Hall of Fame for Great Americans Introduction

About the Hall of Fame for Great American, history and information about the collection of great men and women.


On the campus of Bronx Community College is located the Hall of Fame for Great Americans. The Hall of Fame is on a terrace with an open-air colonnade 630 ft. long and about 25 ft. high. Along the sides of the walkway are busts of the illustrious dead who comprise the membership of the Hall of Fame.

The first selections for entry were made in 1900. At present, there are 102 men and women so honored.

The idea for the Hall of Fame for Great Americans was proposed in 1899 by Henry M. Mac-Cracken (1840-1918), then chancellor of New York University.

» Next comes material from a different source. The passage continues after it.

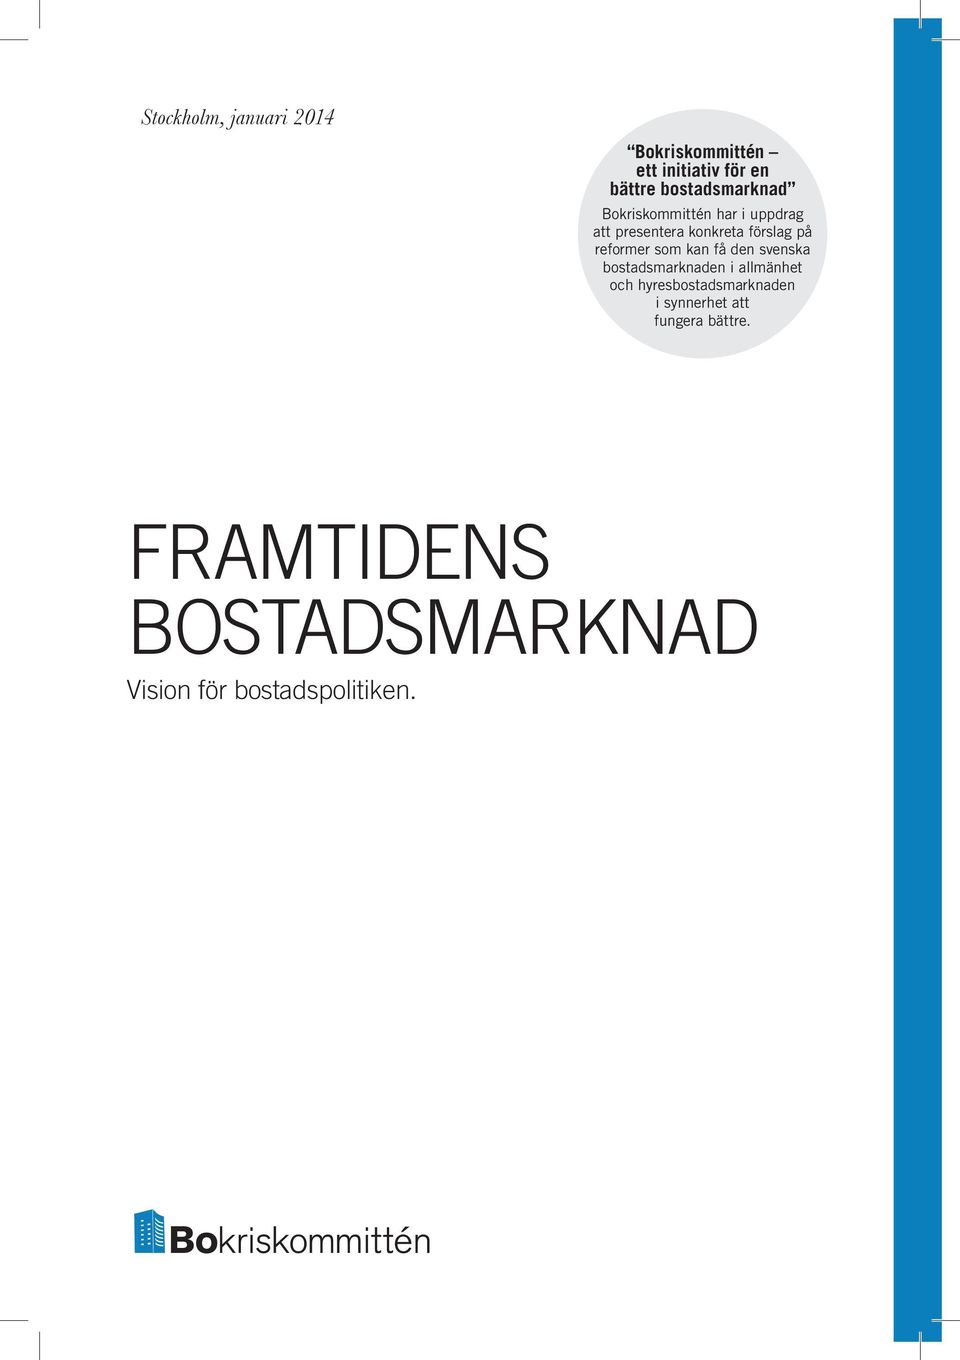 reformer som kan få den svenska bostadsmarknaden i allmänhet och

His desire was to commemorate the contributions of those Americans who have made significant achievements in various fields. Valuable financial support came from Helen Gould, a daughter of the 19th-century financier Jay Gould. During her lifetime she gave more than $2 million to the Hall of Fame.

Anyone who is a U.S. citizen can recommend selections for the Hall of Fame. There are only two stipulations for candidacy: (1) the nominee must have been an American citizen and lived in America, and (2) the nominee must have been dead at least 25 years. (Under these broad standards, John Wilkes Booth and Al Capone are eligible.)

The names are then placed on a ballot and submitted to the college of electors, chosen from varied walks of life and having at least one representative from each state. The number of electors has varied from less than 100 to nearly 150 in any given election year. From 1900 to 1920 and 1950 to 1973 a majority of the votes from the electors was necessary for selection, but from 1925 to 1940 the requirement was a three-fifths vote. (See 1976 for the current method.) Even if someone is approved by the electors, that choice is susceptible to a veto by the New York University Faculty Senate, although this has never occurred. The senate selects the electors and fills voids if an elector should resign or die.

From 1900 to 1970 the elections were held every five years, but beginning in 1973, choices have been made every three years.